Our net sales during the quarter ended March 31, 2012 increased $2,324,000 or 8.9% to $28,408,000 compared to $26,084,000 for the corresponding period in 2011. The increase was due to higher net sales of our belt merchandise offset in part by a reduction in personal leather goods and gift net sales. The increase in belt net sales was mainly due to shipments of private label goods to certain major department store accounts in connection with both new and existing merchandise programs. For personal leather goods, a decrease in shipments to certain “labels for less” customers was offset in part by increases to department store customers.


Interest expense decreased by $5,000 or 11.9% during the quarter ended March 31, 2012 compared to the corresponding period last year. The decrease was due to a reduction in average borrowings. Average borrowings under our revolving credit agreement during the quarter fell $494,000 or 30.5% compared to the same period last year. The decrease in average borrowings was due to an increase in cash collections offset in part by an increase in inventory investment during the quarter, in each case relative to the corresponding period last year.
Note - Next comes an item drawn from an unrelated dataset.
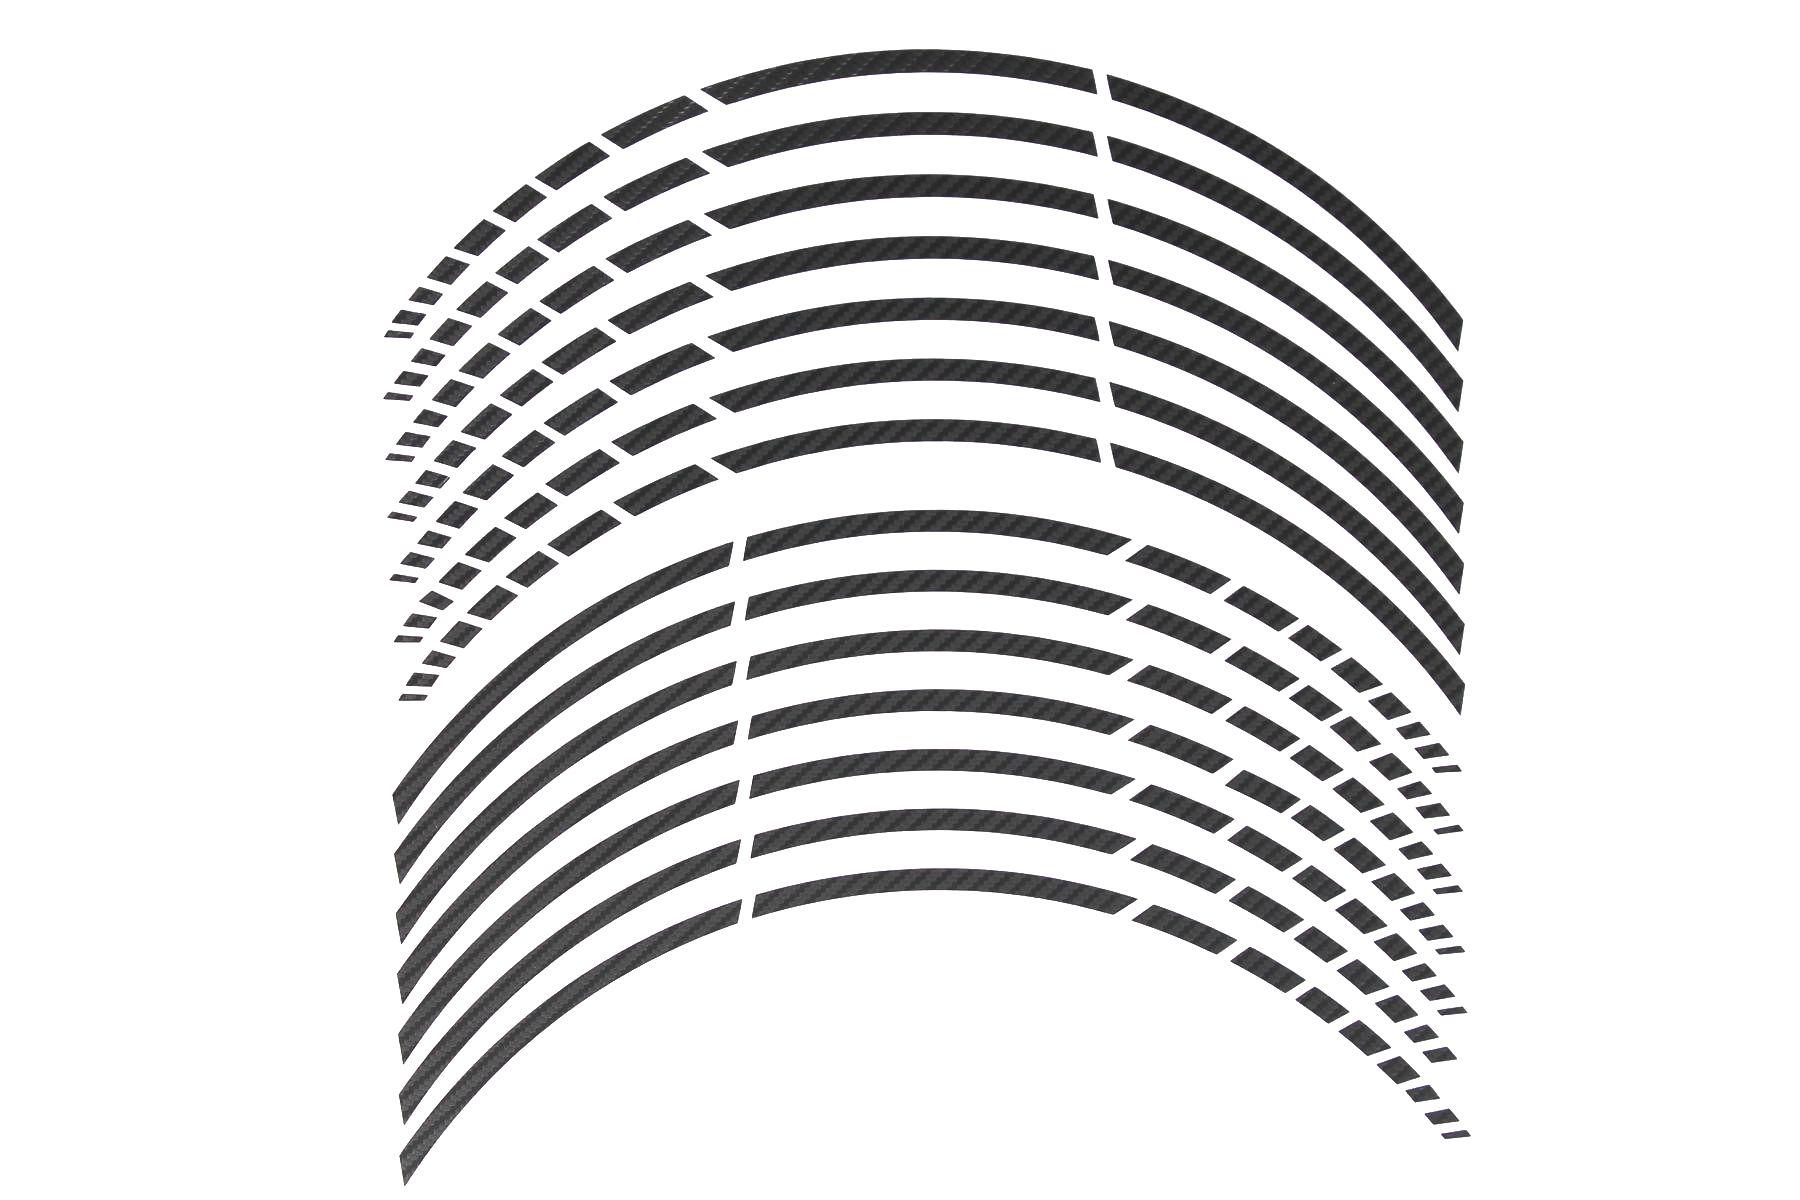 Gp 16 Felgenaufkleber In Der Farbe Carbon Schwarz

You are urged to consider all such factors. In light of the uncertainty inherent in such forward-looking statements, you should not consider their inclusion to be a representation that such forward-looking matters will be achieved. Any forward-looking statements relating to the proposed transaction with Randa Accessories Leather Goods LLC, a Delaware limited liability company (“Randa”), discussed in this Form 10-Q are based on our current expectations, assumptions, estimates and projections and involve significant risks and uncertainties, including the many variables that may impact or are related to consummation of the transaction and the continuing determination of our board of directors that the transaction is in the best interests of all stockholders. We assume no obligation for updating any such forward-looking statements to reflect actual results, changes in assumptions or changes in other factors affecting such forward-looking statements.